There is so many places to travel.
Iceland is a stunning destination that offers a variety of experiences for travelers of all kinds. Whether you are looking for natural wonders, cultural attractions, or gastronomic delights, you will find something to suit your taste in this Nordic island nation. Here are some suggestions on where to go, what to eat, and where to stay in Iceland.
Where to go in Iceland
Iceland has many places to visit, depending on your interests and preferences. Here are some of the most popular and recommended destinations:
- Reykjavik: The capital and largest city of Iceland is a vibrant and cosmopolitan place that has plenty of cultural and historical attractions, as well as a lively nightlife and dining scene. You can visit landmarks such as the Hallgrimskirkja church, the Harpa concert hall, and the Perlan museum, or enjoy whale and puffin watching tours in the nearby Faxafloi bay. Reykjavik is also a great base for exploring the Golden Circle, a sightseeing route that includes Thingvellir National Park, Geysir geothermal area, and Gullfoss waterfall1.
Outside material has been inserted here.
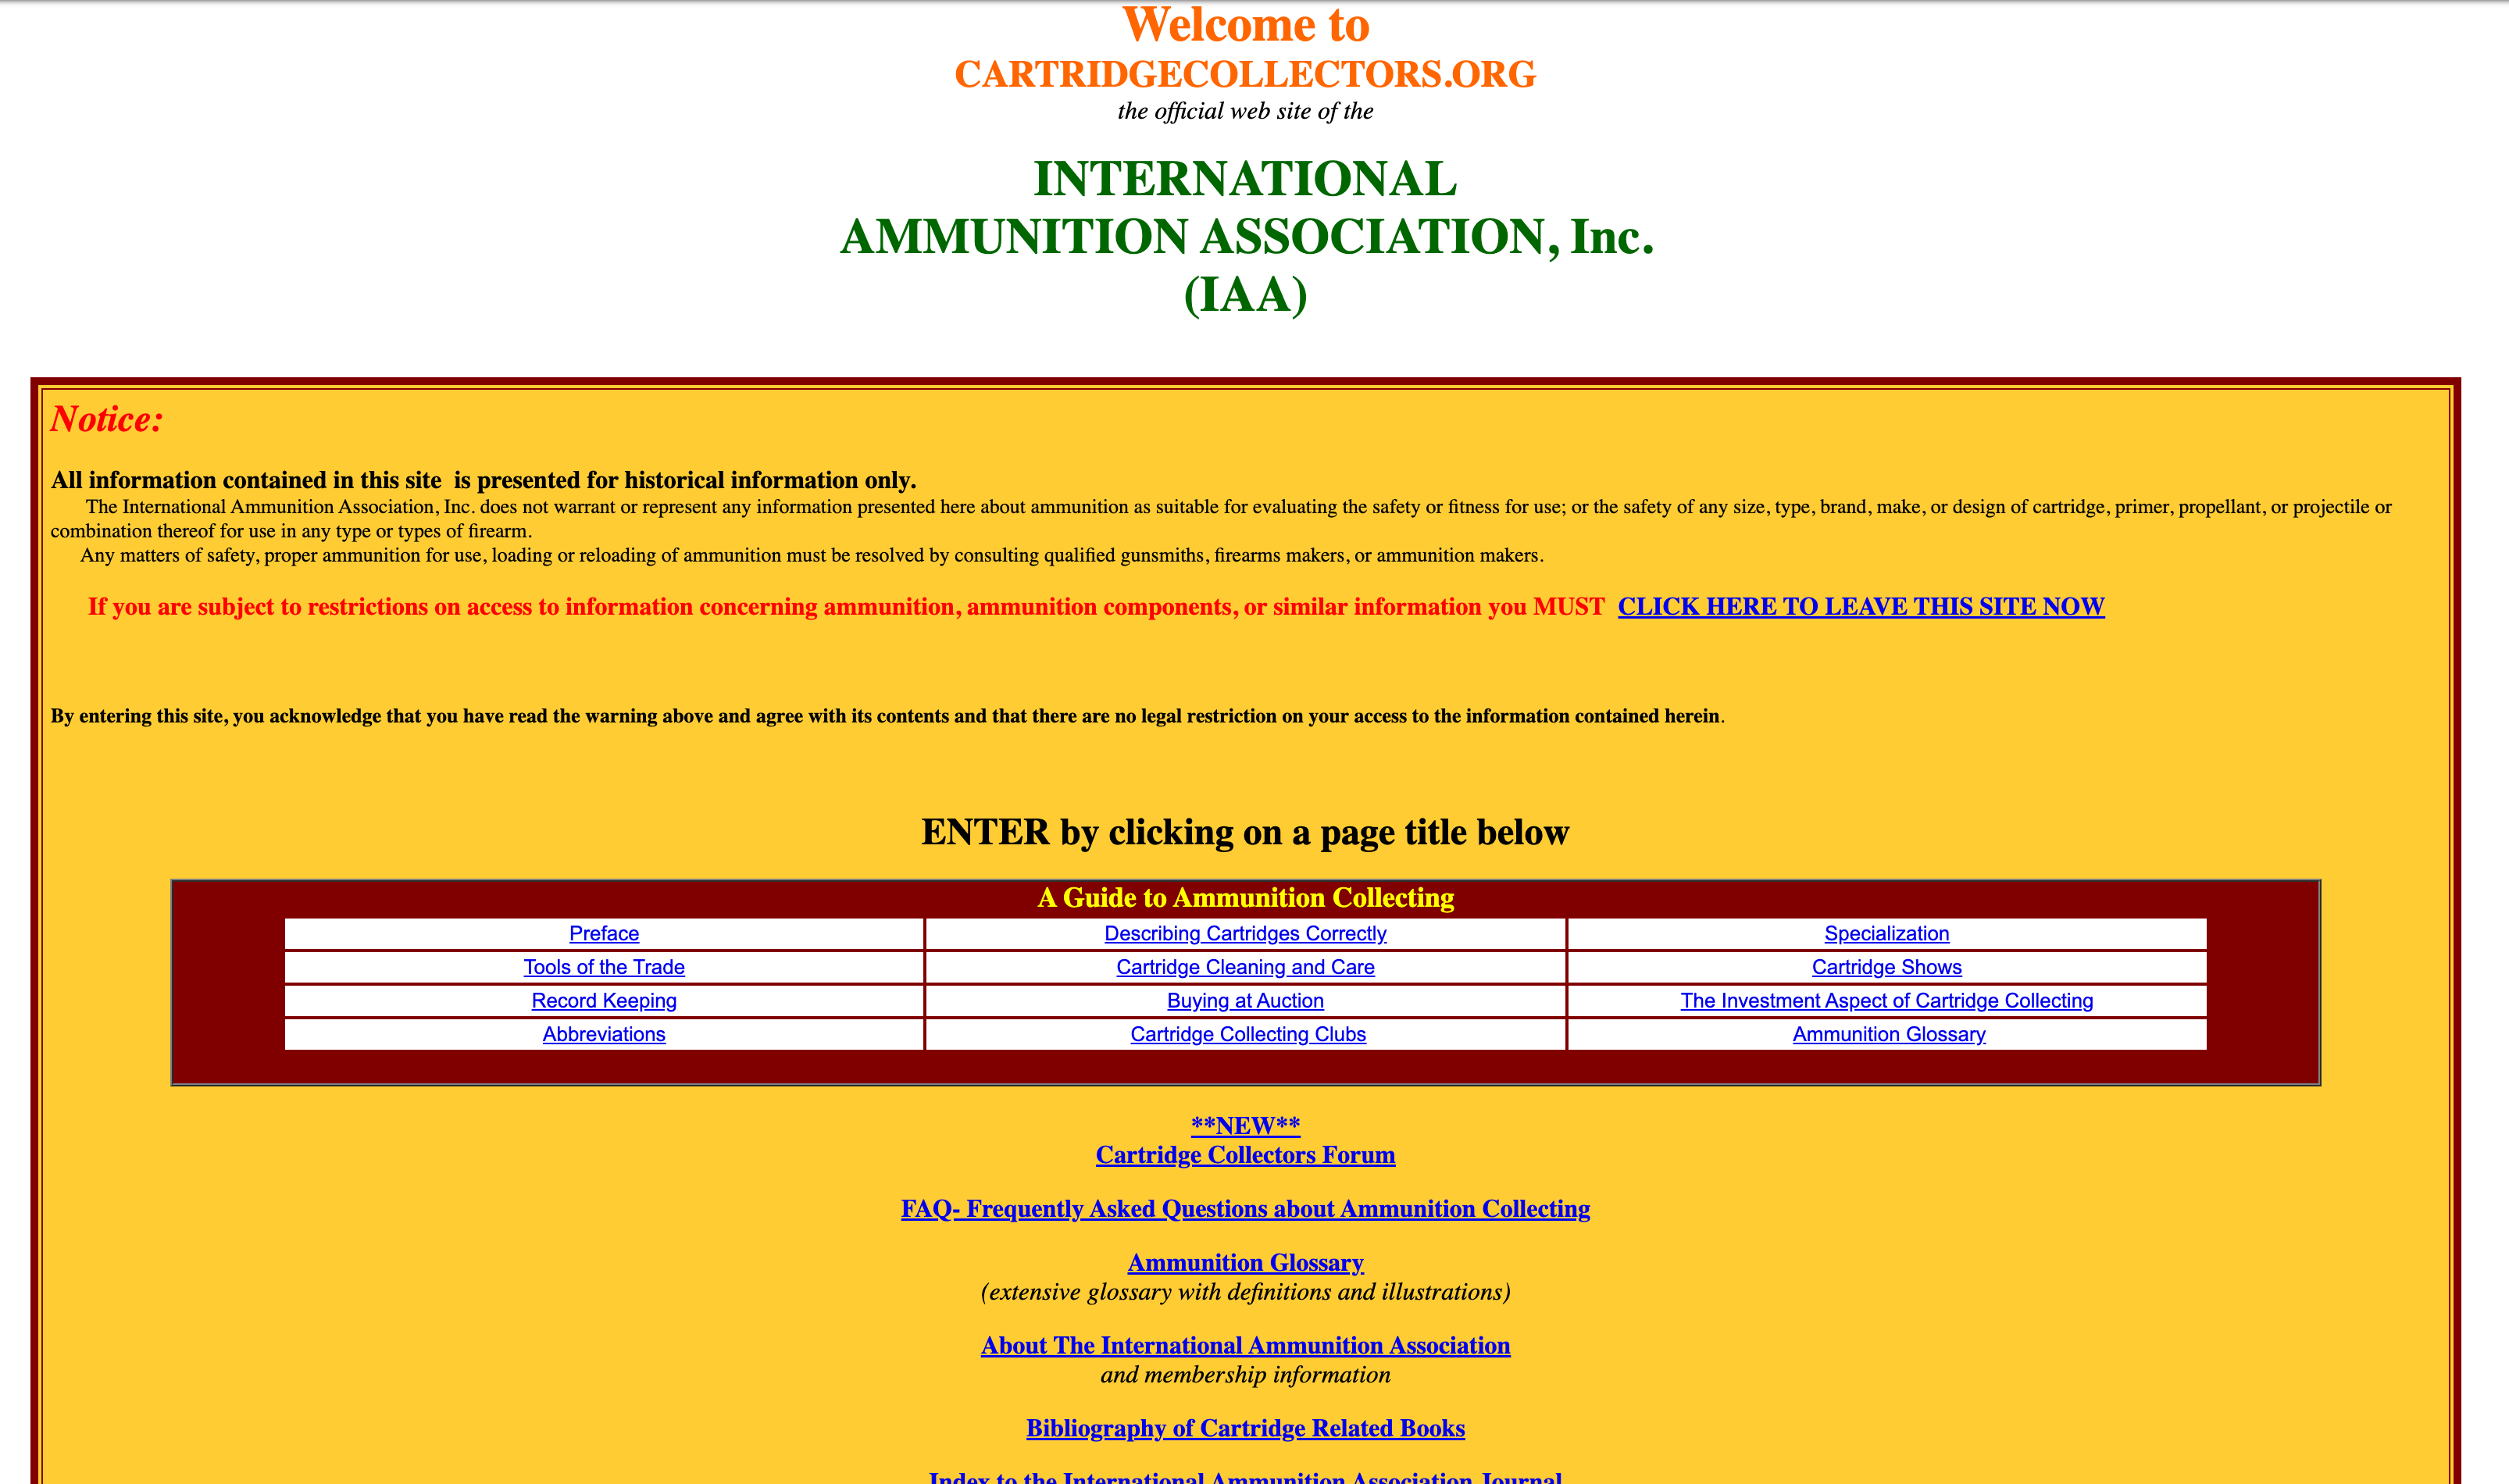 Established IAA Website

- South Coast: The south coast of Iceland is a scenic and diverse region that boasts some of the country’s most famous natural attractions, such as Skogafoss and Seljalandsfoss waterfalls, the black sand beach of Reynisfjara, and the glaciers of Skaftafell and Jokulsarlon. You can also witness the majestic volcanoes of Eyjafjallajokull and Katla, or visit the charming villages of Vik and Kirkjubaejarklaustur2.
- Akureyri: The second largest city in Iceland is located in the north of the country, surrounded by mountains and fjords. Akureyri is a cultural and artistic hub that hosts various festivals and events throughout the year, such as the Akureyri Art Festival and the Akureyri Winter Festival. You can also explore the nearby attractions, such as the Godafoss waterfall, the Lake Myvatn area, and the Husavik whale watching center3.
- Westfjords: The Westfjords are a remote and rugged region in the northwest of Iceland, where you can experience the wild and unspoiled nature of the country. The Westfjords are home to some of the most dramatic landscapes in Iceland, such as the Hornstrandir nature reserve, the Latrabjarg bird cliffs, and the Dynjandi waterfall. You can also enjoy activities such as hiking, kayaking, fishing, and hot spring bathing4.
What to eat in Iceland
Icelandic cuisine is influenced by its location and history, featuring fresh and local ingredients such as fish, lamb, dairy products, and berries. Some of the traditional dishes are based on preserving methods such as smoking, salting, pickling, or fermenting. However, you can also find modern and international influences in many restaurants and cafes. Here are some of the best things to eat in Iceland:
- Skyr: This is a thick and creamy dairy product that resembles yogurt but is technically a cheese. Skyr is high in protein and low in fat, and can be eaten plain or with toppings such as sugar, honey, berries, or granola. Skyr is also used in desserts such as cheesecake or ice cream5.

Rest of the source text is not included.